Why do I get repeated values in my tag data if Compression is on?

Blog Post created by avanfosson on Dec 24, 2015

First, if you haven't seen OSIsoft: Exception and Compression Full Details - YouTube, then go watch it now because the rest of this post assumes you have seen it.


I have gotten this question a few times from customers, "I see repeated values in my archive even though I have compression turned on. I thought compression prevented repeated values from occurring. What is wrong with my compression settings?" Chances are, there isn't anything wrong with your compression settings.


There are two possible reasons you are seeing repeated values:

  1. Your compression maximum value is taking effect.
  2. The values in the archive are necessary to avoid losing information.

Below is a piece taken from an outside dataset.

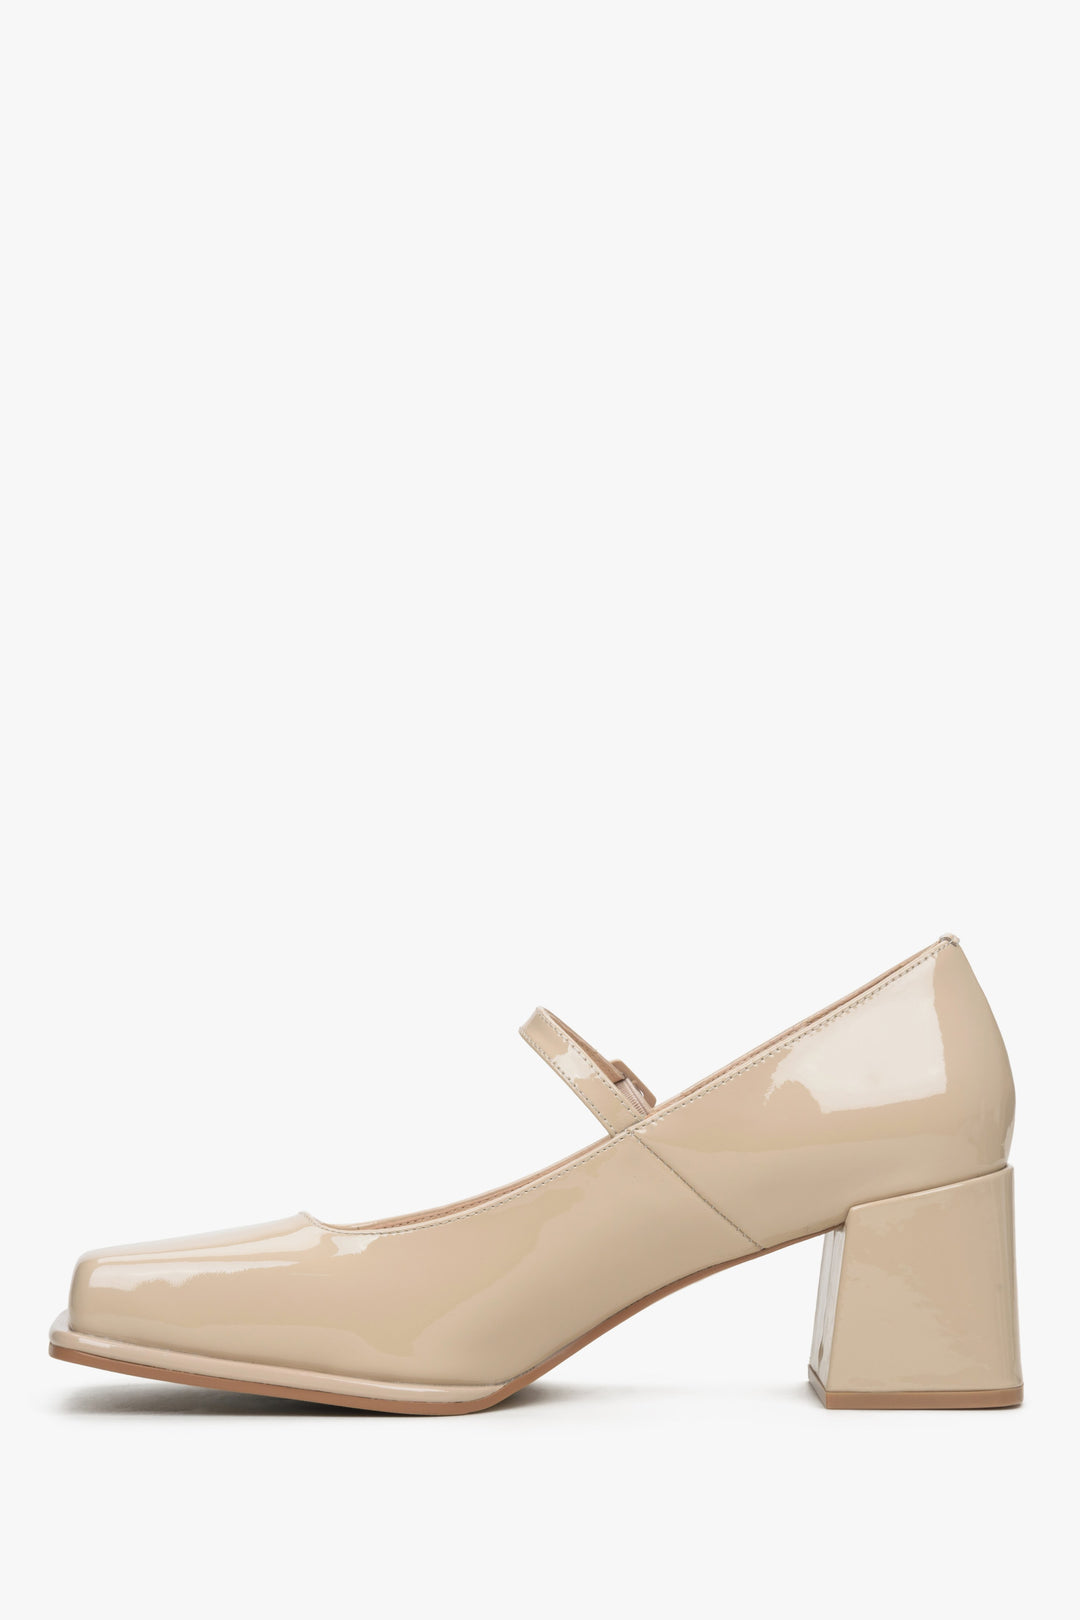 Women's beige pumps made of patent genuine leather.

The CompMax value for a tag determines the maximum amount of time between data points in the archive. By default it is set to eight hours. If no events pass the compression test for eight hours, then the current snapshot will be archived as soon as the next value is received. This means that the time between values in the archive will always be less than or equal to eight hours because the timestamp of the current snapshot must be at or before the eight hour mark. If you are looking in your archive and seeing identical values whose timestamps are almost but not quite 8 hours apart, then you are probably exceeding CompMax.


If the spacing between repeated values is much less than your CompMax setting, then you are probably running into the second scenario. As an example, let's say you have a tag writing a value of 1 or 0 once a second, and your archive data looks like this:


And your question is, "Why is the data 1,1,0,0,1,1 instead of 1,0,1?" If we plot the first data set that has the repeated values, and the Step attribute for the tag is set to OFF, then we should see a plot that looks like this:

Note that I have altered the spacing on the x-axis to highlight the transitions between 1's and 0's. If we plot the second data set that does not have repeated values, then we should see a plot that looks like this:

Now we have lost information. The first plot showed that the value held steady for an hour, changed suddenly, held steady at the new value, and then changed suddenly back. In the second plot, the values changed gradually over the course of an hour, and then gradually changed back.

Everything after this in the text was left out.